Prove that if we color the edges of $K_{10}$ with two colors, we have two $3$-cycles in it with the same edge color. You know! I had a problem similar to this, and I solved it: Prove that if we color $K_6$ with two colors, then we have a $3$-cycle with the same color.
Asked
Active
Viewed 617 times
-2
-
1and I had another problem too :D prove if we coloring k6 with two color,then we have 4-cycle with same color. – Shahrzadeh A Jul 16 '20 at 10:53
-
1In a complete graph, everything's equivalent, so only the total number of vertices with each color matters. Just divide into cases based on the number of same-colored vertices, and apply the Pigeonhole Principle. – aschepler Jul 16 '20 at 10:57
-
Ummm.But this problem is about coloring edges, not coloring vertex – Shahrzadeh A Jul 16 '20 at 12:35
-
Aha, that does make it much more interesting. I'm not one of the downvoters, but it may help if you share some of your thoughts so far instead of just stating the problem. You could certainly outline your proof for one cycle in $K_6$, and say a little about why it's difficult to apply ideas from that proof to the harder problem, or what's still missing after trying those ideas. – aschepler Jul 16 '20 at 18:30
-
You know, The good thing in K6 is every vertex has 5 edges.But K10 doesn't have same thing. – Shahrzadeh A Jul 16 '20 at 18:46
1 Answers
0
if we coloring the edges of $K_{10}$ with two color , we have two 3-cycle in it with same edge color
The claim holds even for a graph $G=K_8$. Indeed, since $G$ contains a copy of $K_6$, it has a monochromatic triangle $T_1$. Let $v_1$ be an arbitrary vertex of $T_1$. Since $G$ with the vertex $v_1$ removed contains a copy of $K_6$, it has a monochromatic triangle $T_2$. Let $v_2$ be an arbitrary vertex of $T_2$. Since $G$ with the vertices $v_1$ and $v_2$ removed contains a copy of $K_6$, it has a monochromatic triangle $T_3$. Then two of the triangles $T_1$, $T_2$, and $T_3$ have the same color.

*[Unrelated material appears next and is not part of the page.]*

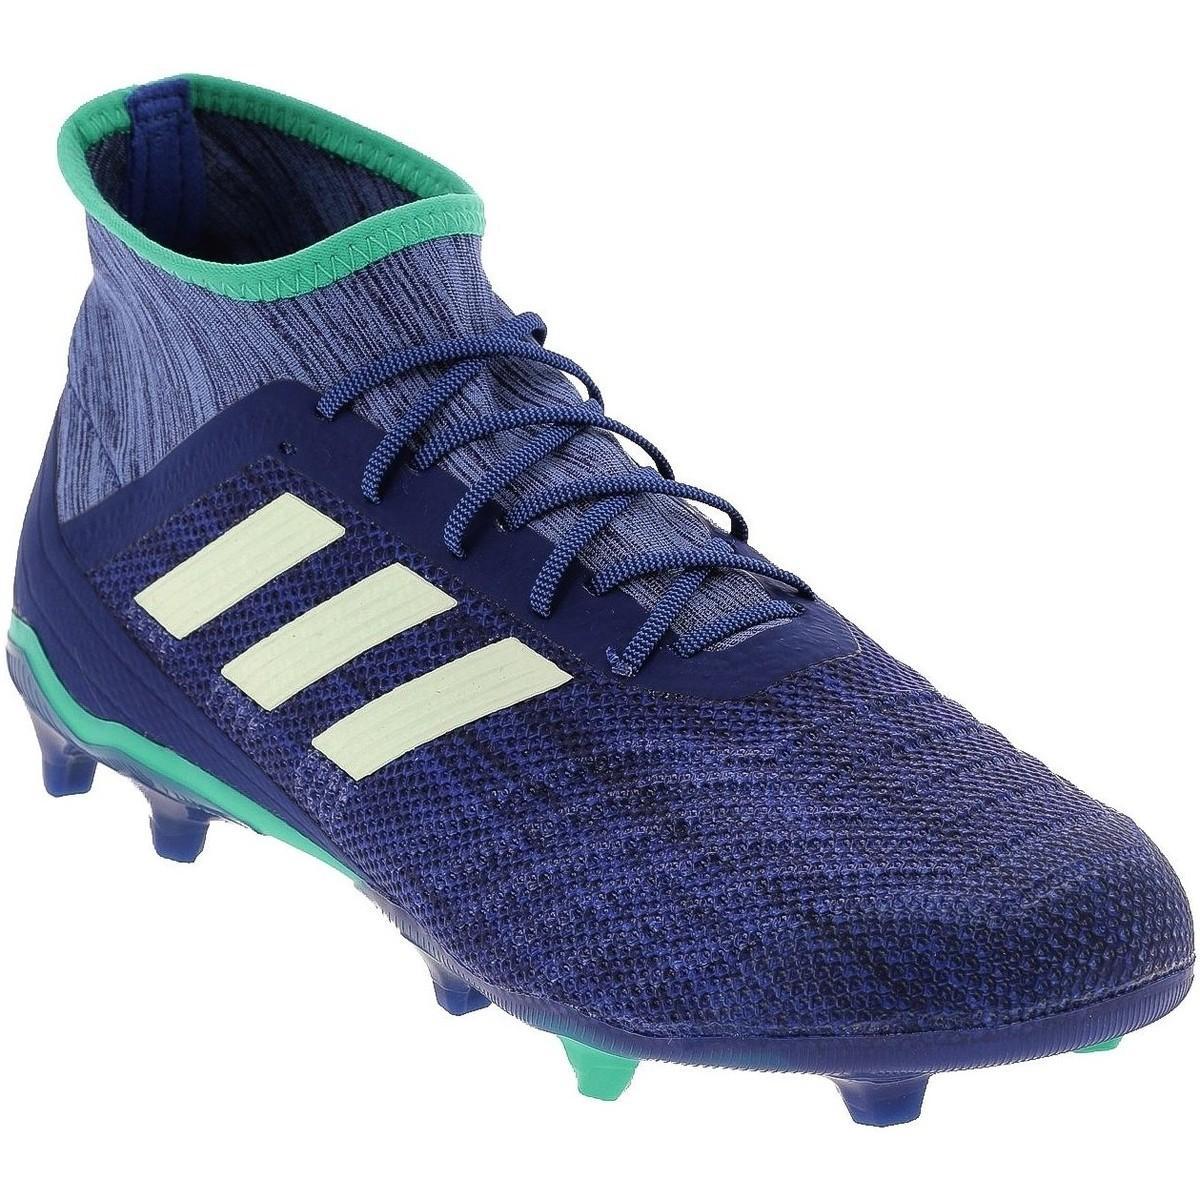 Predator 18.2 fg bleu Chaussures de foot adidas pour homme en ...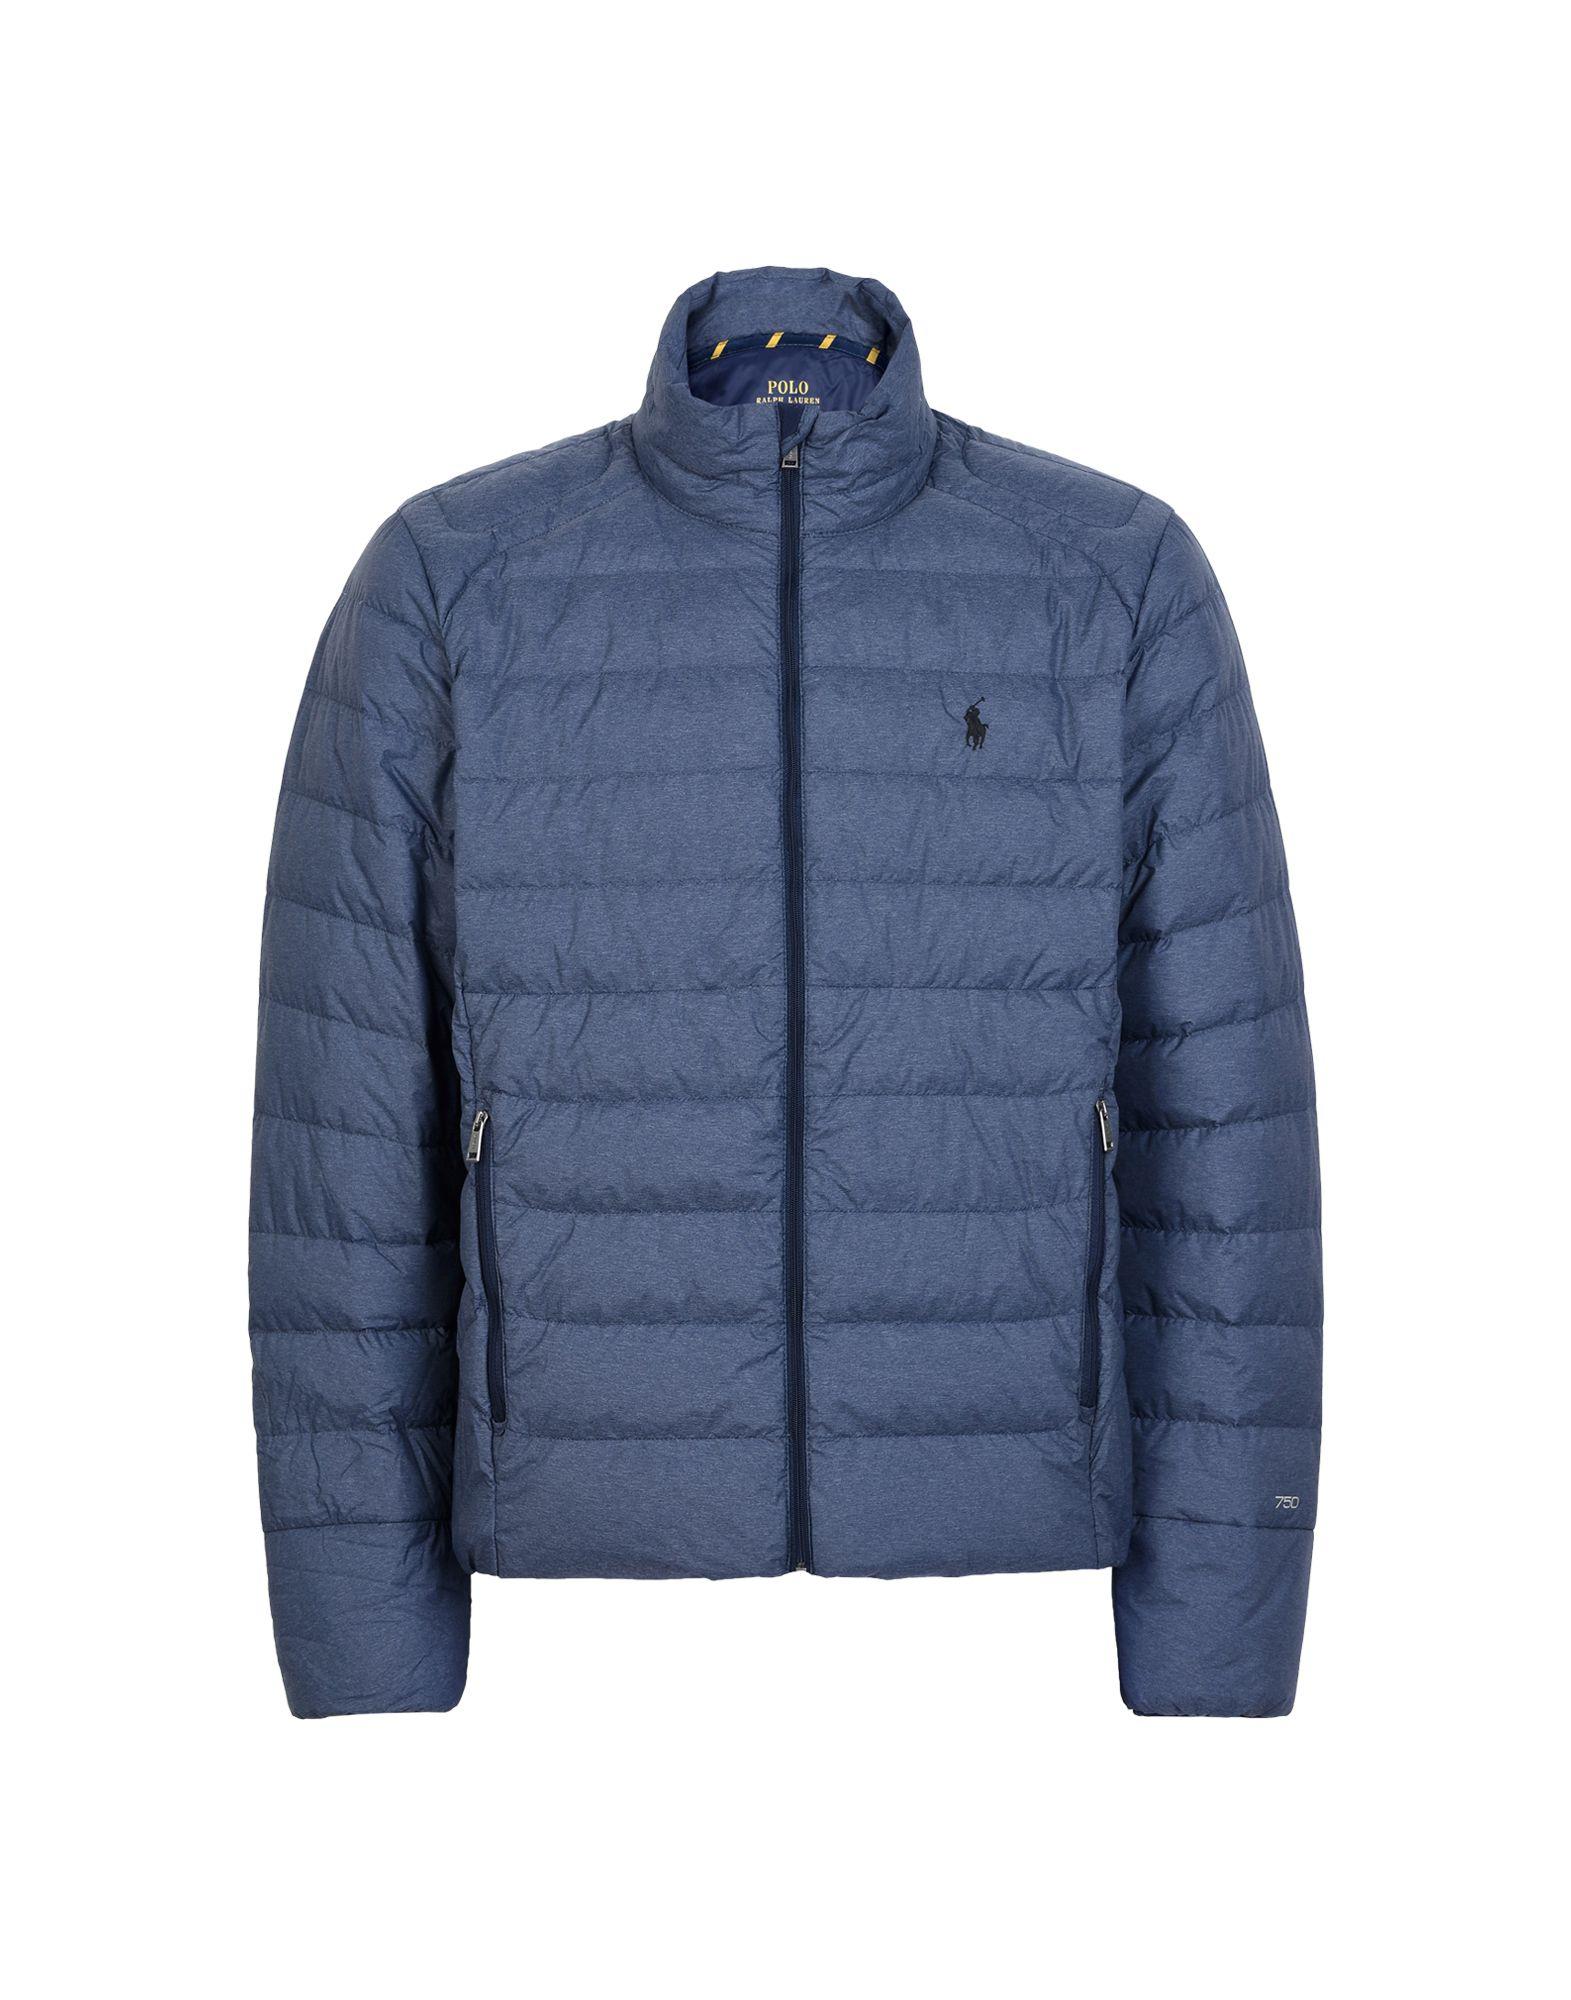 Piumino Polo Ralph Lauren Down Jacket - Uomo - Acquista online su

if we coloring k6 with two color,then we have 4-cycle with same color.
There is well-known question (see, this my answer): what is the maximum number $E(n)$ of edges an $n$-vertex graph can have so that the resulting graph contains no 4-cycle? According to Proposition 1 from the linked answer, $E(n)\le\frac{n+n\sqrt{4n-3}}4$, which follows $E(6)\le 8$. But, similarly to the case of $n=10$, we can refine this bound using the fact that when the sum of $l_i$’s is fixed the minimum of $\sum {l_i \choose 2}$ is attained when $l_i$’s differs by at most $1$ (see the proof of Proposition 1). So if $\sum l_i=16$ then the minimum of $\sum {l_i \choose 2}$ is attained when four of $l_i$’s equal $3$ and two of $l_i$’s equal $2$. Then $\sum {l_i \choose 2}=4\cdot {3 \choose 2}+2\cdot {2 \choose 2}=14$. Since $K_6$ has ${6 \choose 2}=15$ edges, we see that at most one edge is missed to a complete graph. Then we have a 4-cycle, a contradiction. Thus $\sum l_i\le 14$ and $E(6)\le 7$. The following Joseph DeVincentis’ example from Erich Friedman’s page shows that this bound is exact.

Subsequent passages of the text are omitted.